A letter to high school
May 16, 2022
Dear High School,
You have given me so much. I feel like I either hear that people loved their high school experience, or just totally hated it. I’m one of the ones right in the middle- I am so glad I’m done, that I don’t have to step foot on campus again unless I want to visit teachers, but I am also so eternally grateful for what I have gained in high school.
My class’s high school experience has been like no one else’s ever has. COVID-19 sent us home during our sophomore year, and it really took a toll on me. Online school was tough, but it taught me how to manage things, prioritize, and learn how to teach myself things. It made me even more grateful for when I could go back to school the following years. It made me cherish the small laughs and hugs from my teachers and friends so much more.
High school has allowed me to grow as a person. For so long, I was so afraid of how people might react that I never shared my opinions, never shared my thoughts. Especially in the last year, I have realized that speaking up or saying what needs to be said is not a bad thing. Being myself and making friends that genuinely care about me was the best thing I could have ever learned to do; without high school, that may have happened much later in my life.
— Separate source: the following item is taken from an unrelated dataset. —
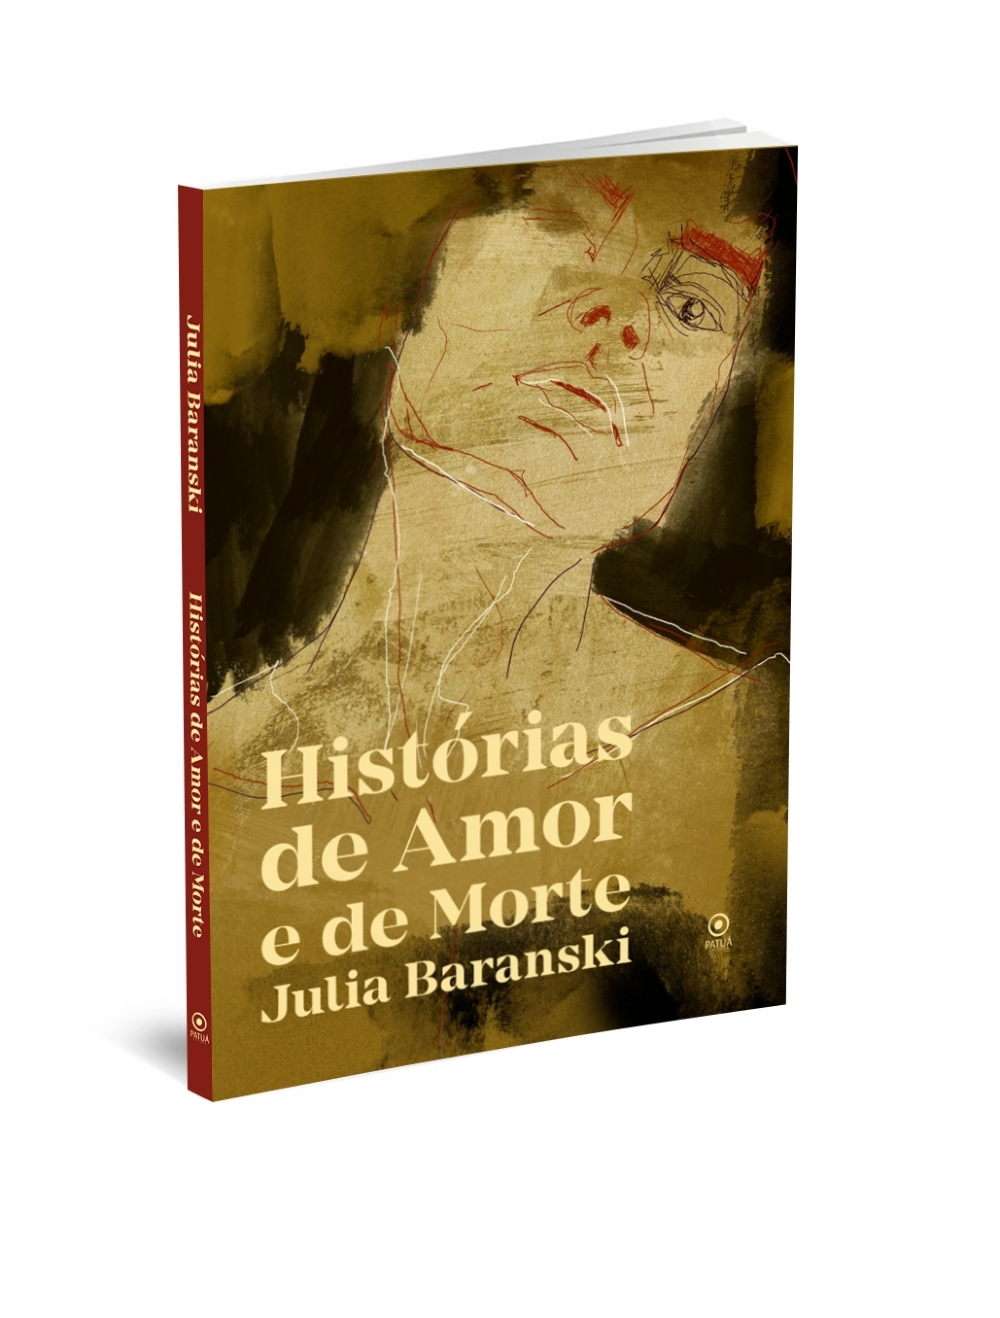 Julia Baranski - Livro de narrativas 'Histórias de amor e de morte' faz da escrita um lugar de exercitar identidades e pertencimentos | Fernando Andrade

Being able to represent my school for sports is just another reason I am grateful to high school. Absolutely nothing compares to standing on the podium with my teammates because we placed third at states. Nothing compares. Nothing compares to doing a team cheer around the pool at city relay. Nothing. Nothing compares to crying on senior night, hugging my classmates that came to support us. I may not have liked everyone I had classes with, or everyone that I was around, but high school gave me a family of friends, and people I was proud to be standing next to.
I will never be able to express my gratitude for these past four years of my life. I have made some of my best memories…and some of my worst. I have learned how to be proud of myself in addition to others, how to be honest, how to respect others, and how being respected feels. One of the biggest lessons I have learned, courtesy of high school, is that life is meant to be enjoyed. Take it seriously, but if I do not like something, I can change it. I have the power to do so.
Being done with high school feels like more than closing one chapter of my book. High school became a comfortable routine- one that I am both happy and anxious to change. That being said, I hope me leaving Freedom gives someone else the space to have the happy and fulfilling experience that I had.
Thank you, High School, from the bottom of my heart.